Science in Action: Omega-3 (motor-learning surprise, continued)

The results I described in the previous post surprised me because (a) my performance suddenly got better after being stable for many tests and (b) after the improvement, further practice appeared to make my performance worse. I’d never before seen either result in a motor learning situation. If you can think of an explanation of the result that practice makes performance worse, and animal learning isn’t your research area, please let me know.
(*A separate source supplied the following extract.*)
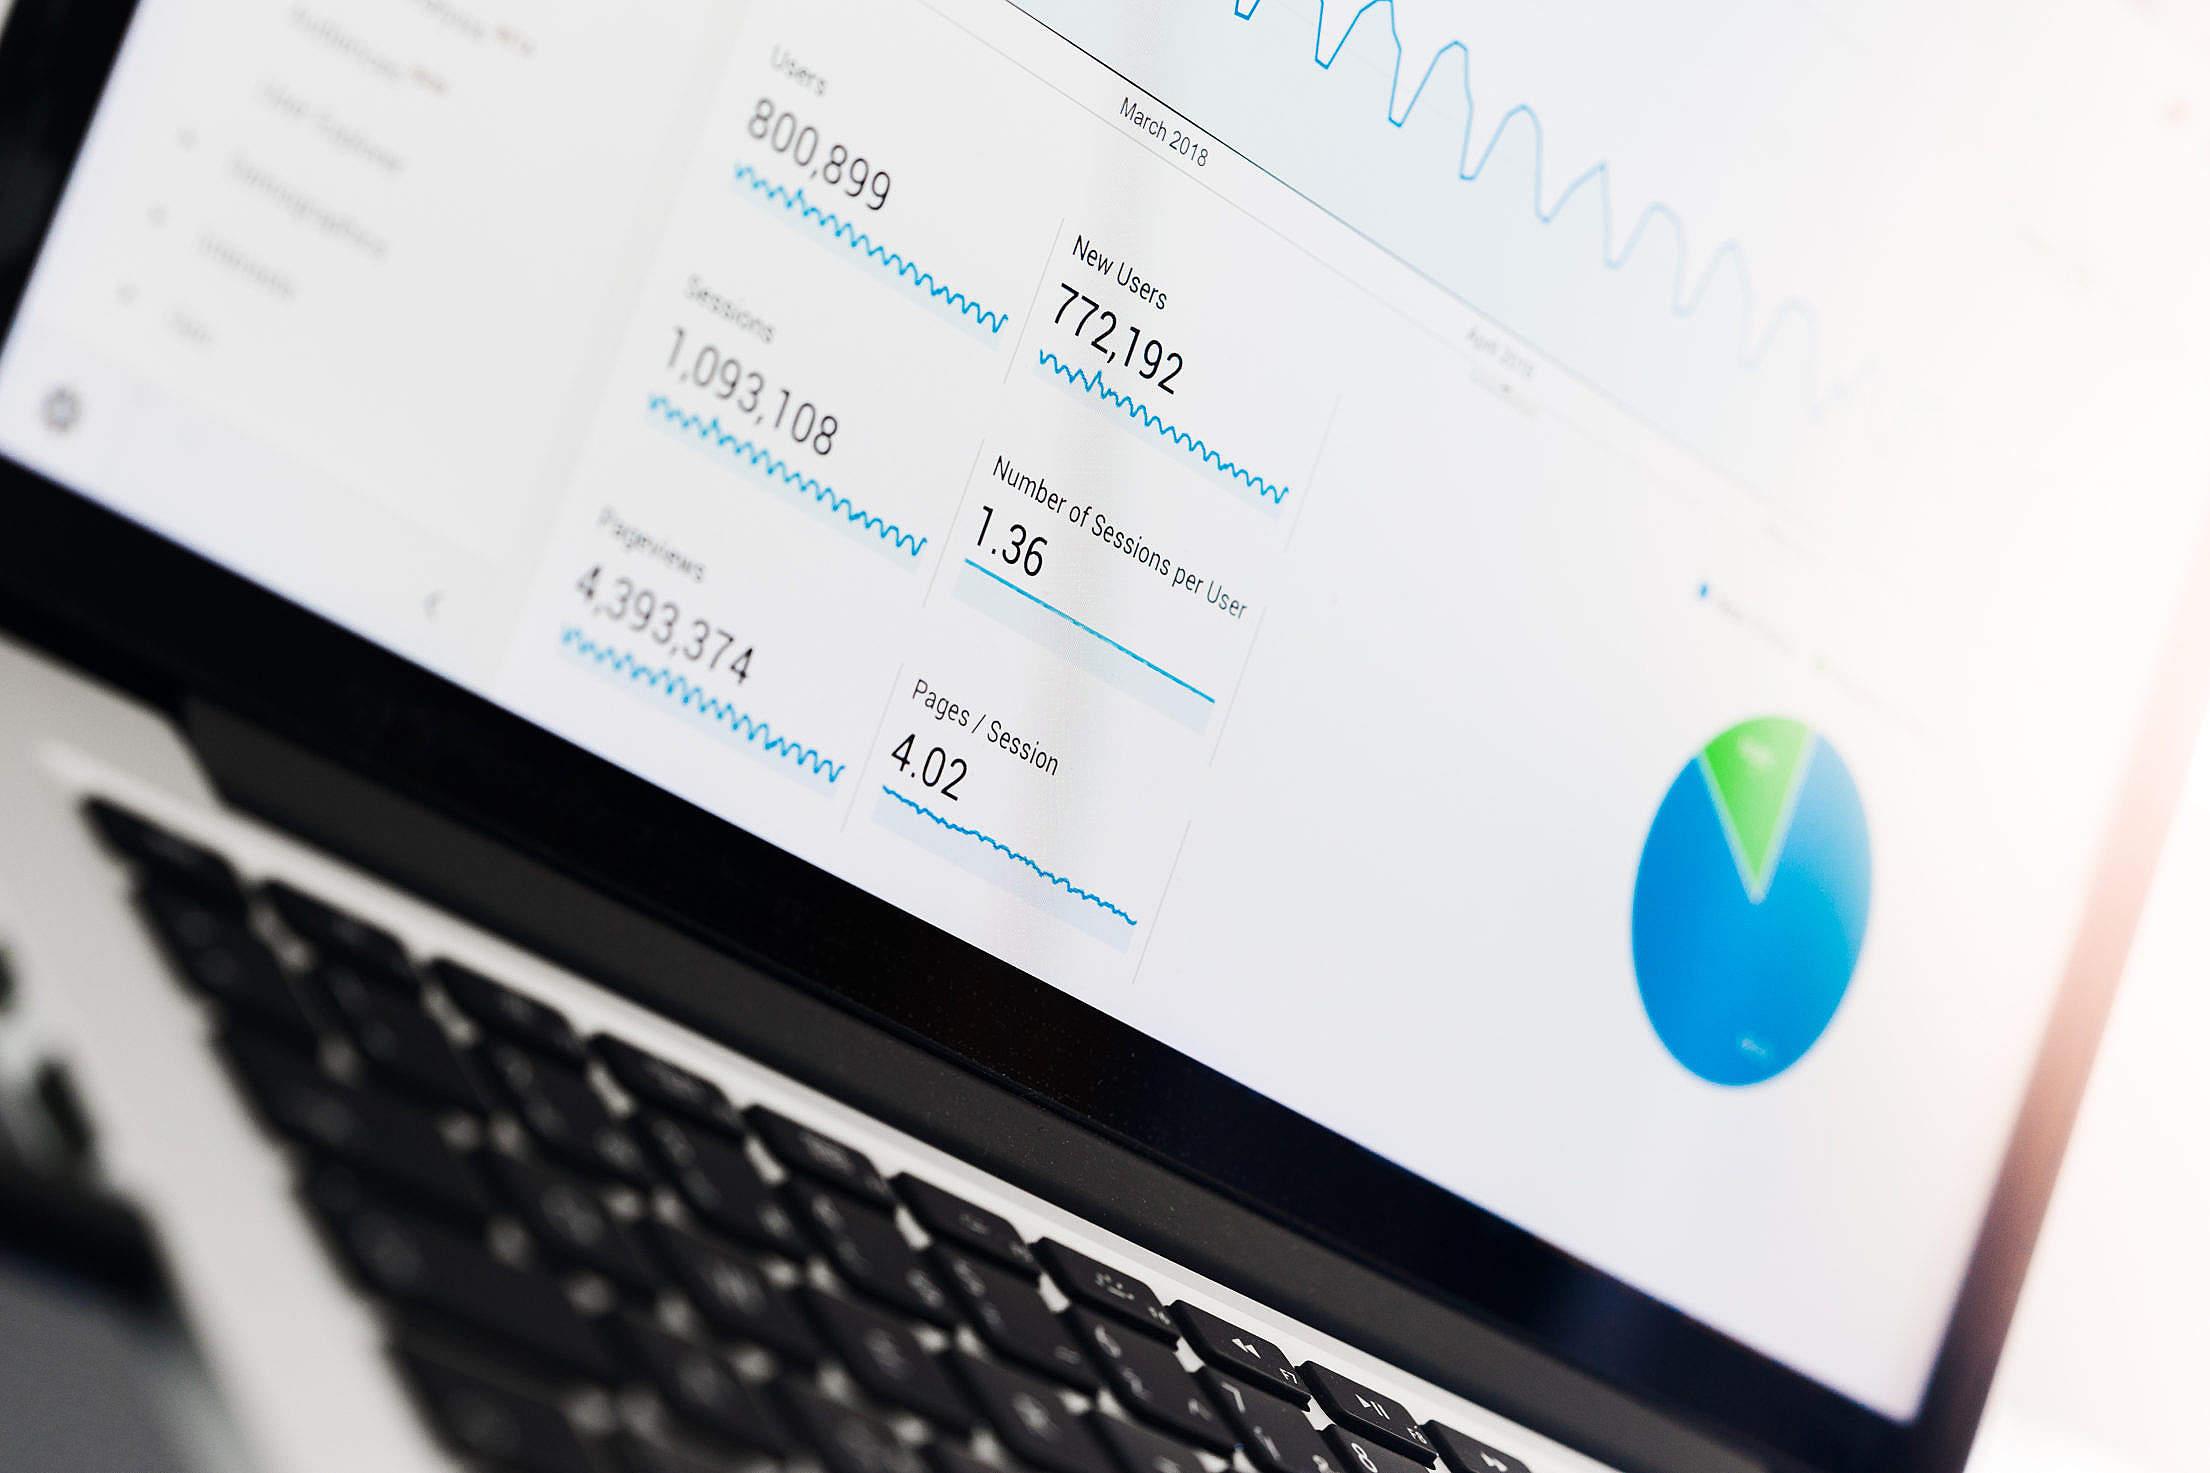 关键字和关键词密度设置的常识 seo 网站优化 搜索引擎优化 关键字密度 关键词密度 信噪比 太仓网络公司 太仓seo 第1张

Learning researchers used to think of associative learning as a kind of stamping-in process. The more you experience A and B together, the stronger the association between them. Simple as that. In the 1960s, however, several results called this idea into question. Situations that should have caused learning did not. The feature that united the various results was that in each case, learning didn’t happen when the animal already expected the second event. If A and B occur together, and you already expect B, there is no learning. Theories that explained these findings — the Rescorla-Wagner model is the best known, but the Pearce-Hall model is the one that appears to be correct — took the discrepancy between expected and observed — an event’s “surprise factor” — rather than simply the event itself, to be what causes learning. We are constantly trying to predict the future; only when we fail do we learn.

In my motor-learning task, imagine that the brain “expects” a certain accuracy. When actual accuracy is less, performance improves. Performance stops improving when actual accuracy equals expected accuracy. The effect of more omega-3 in the blood, and therefore the brain, was to increase expected accuracy. (One of the main things the brain does is learn. If we do something that improves brain performance in other ways, it is plausible that it will also improve learning ability.) Thus the sudden improvement. The decrement in accuracy with further practice came about because, when the omega-3 concentration went down, actual accuracy was better than expected accuracy. Accuracy was “over-predicted,” a learning theorist might say. So the observed change in performance was in the opposite-from-usual direction. Accuracy got worse, not better.

Related happiness research. “Christensen’s study was called “Why Danes Are Smug,” and essentially his answer was it’s because they’re so glum and get happy when things turn out not quite as badly as they expected.”

Science in Action: Omega-3 (motor-learning surprise)

The more I played racquetball, the more accurate my shots became — the more control I had. It was a kind of learning: learning to place the ball. I was fascinated by how little we knew about how that learning took place. I studied associative learning in my own research. The motor learning during racquetball resembled associative learning in the sense that my actions (hitting the ball with the racket) were shaped by what happened next (accuracy of placement). Yet I knew nothing non-obvious about motor learning.

This background of ignorance is why I find my latest flaxseed oil results so interesting. As I’ve posted, I’ve started using a new test in which I use the touchpad to “toss” the cursor from one spot to another (that is, move the cursor with a single finger movement), and measure how close it “lands” to the target. The function relating cursor position to finger position on the touchpad isn’t simple.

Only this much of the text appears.